Your task:
Each record is to be transcribed in full and exactly.

Stored data:

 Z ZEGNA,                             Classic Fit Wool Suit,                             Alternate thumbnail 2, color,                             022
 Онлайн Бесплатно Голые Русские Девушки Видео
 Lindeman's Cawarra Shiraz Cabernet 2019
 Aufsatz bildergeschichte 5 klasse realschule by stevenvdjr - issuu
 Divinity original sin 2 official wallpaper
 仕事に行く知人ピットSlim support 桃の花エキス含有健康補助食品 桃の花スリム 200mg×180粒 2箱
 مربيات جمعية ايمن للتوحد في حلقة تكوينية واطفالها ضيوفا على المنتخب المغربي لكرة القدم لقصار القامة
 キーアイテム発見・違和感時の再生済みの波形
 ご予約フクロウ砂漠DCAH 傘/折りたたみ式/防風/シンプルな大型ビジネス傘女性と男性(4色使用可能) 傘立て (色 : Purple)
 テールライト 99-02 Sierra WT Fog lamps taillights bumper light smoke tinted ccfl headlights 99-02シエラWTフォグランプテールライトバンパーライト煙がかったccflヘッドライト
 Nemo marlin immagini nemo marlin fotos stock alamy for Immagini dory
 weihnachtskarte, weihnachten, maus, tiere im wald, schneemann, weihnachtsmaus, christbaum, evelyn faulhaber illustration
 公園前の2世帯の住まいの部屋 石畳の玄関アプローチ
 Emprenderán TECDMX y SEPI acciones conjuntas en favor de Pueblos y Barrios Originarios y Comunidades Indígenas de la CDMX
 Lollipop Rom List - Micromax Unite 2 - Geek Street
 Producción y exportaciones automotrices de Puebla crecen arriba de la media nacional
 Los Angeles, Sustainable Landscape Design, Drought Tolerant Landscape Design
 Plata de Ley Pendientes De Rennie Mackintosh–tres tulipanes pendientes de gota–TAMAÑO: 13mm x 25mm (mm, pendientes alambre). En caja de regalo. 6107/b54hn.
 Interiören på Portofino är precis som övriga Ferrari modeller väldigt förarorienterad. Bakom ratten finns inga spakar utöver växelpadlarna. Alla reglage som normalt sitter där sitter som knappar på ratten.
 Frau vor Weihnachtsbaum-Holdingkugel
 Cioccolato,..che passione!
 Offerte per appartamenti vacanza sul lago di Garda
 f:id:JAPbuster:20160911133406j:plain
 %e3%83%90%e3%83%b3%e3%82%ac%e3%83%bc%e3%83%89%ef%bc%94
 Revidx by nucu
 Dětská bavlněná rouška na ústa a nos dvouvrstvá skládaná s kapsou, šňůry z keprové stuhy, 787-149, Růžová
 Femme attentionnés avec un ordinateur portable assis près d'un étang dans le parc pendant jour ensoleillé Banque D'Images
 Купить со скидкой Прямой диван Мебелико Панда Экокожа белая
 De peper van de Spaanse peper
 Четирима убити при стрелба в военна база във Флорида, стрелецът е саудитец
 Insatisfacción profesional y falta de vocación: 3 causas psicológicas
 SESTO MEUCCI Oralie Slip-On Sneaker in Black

Response area:
 Z ZEGNA,                             Classic Fit Wool Suit,                             Alternate thumbnail 2, color,                             022
 Онлайн Бесплатно Голые Русские Девушки Видео
 Lindeman's Cawarra Shiraz Cabernet 2019
 Aufsatz bildergeschichte 5 klasse realschule by stevenvdjr - issuu
 Divinity original sin 2 official wallpaper
 仕事に行く知人ピットSlim support 桃の花エキス含有健康補助食品 桃の花スリム 200mg×180粒 2箱
 مربيات جمعية ايمن للتوحد في حلقة تكوينية واطفالها ضيوفا على المنتخب المغربي لكرة القدم لقصار القامة
 キーアイテム発見・違和感時の再生済みの波形
 ご予約フクロウ砂漠DCAH 傘/折りたたみ式/防風/シンプルな大型ビジネス傘女性と男性(4色使用可能) 傘立て (色 : Purple)
 テールライト 99-02 Sierra WT Fog lamps taillights bumper light smoke tinted ccfl headlights 99-02シエラWTフォグランプテールライトバンパーライト煙がかったccflヘッドライト
 Nemo marlin immagini nemo marlin fotos stock alamy for Immagini dory
 weihnachtskarte, weihnachten, maus, tiere im wald, schneemann, weihnachtsmaus, christbaum, evelyn faulhaber illustration
 公園前の2世帯の住まいの部屋 石畳の玄関アプローチ
 Emprenderán TECDMX y SEPI acciones conjuntas en favor de Pueblos y Barrios Originarios y Comunidades Indígenas de la CDMX
 Lollipop Rom List - Micromax Unite 2 - Geek Street
 Producción y exportaciones automotrices de Puebla crecen arriba de la media nacional
 Los Angeles, Sustainable Landscape Design, Drought Tolerant Landscape Design
 Plata de Ley Pendientes De Rennie Mackintosh–tres tulipanes pendientes de gota–TAMAÑO: 13mm x 25mm (mm, pendientes alambre). En caja de regalo. 6107/b54hn.
 Interiören på Portofino är precis som övriga Ferrari modeller väldigt förarorienterad. Bakom ratten finns inga spakar utöver växelpadlarna. Alla reglage som normalt sitter där sitter som knappar på ratten.
 Frau vor Weihnachtsbaum-Holdingkugel
 Cioccolato,..che passione!
 Offerte per appartamenti vacanza sul lago di Garda
 f:id:JAPbuster:20160911133406j:plain
 %e3%83%90%e3%83%b3%e3%82%ac%e3%83%bc%e3%83%89%ef%bc%94
 Revidx by nucu
 Dětská bavlněná rouška na ústa a nos dvouvrstvá skládaná s kapsou, šňůry z keprové stuhy, 787-149, Růžová
 Femme attentionnés avec un ordinateur portable assis près d'un étang dans le parc pendant jour ensoleillé Banque D'Images
 Купить со скидкой Прямой диван Мебелико Панда Экокожа белая
 De peper van de Spaanse peper
 Четирима убити при стрелба в военна база във Флорида, стрелецът е саудитец
 Insatisfacción profesional y falta de vocación: 3 causas psicológicas
 SESTO MEUCCI Oralie Slip-On Sneaker in Black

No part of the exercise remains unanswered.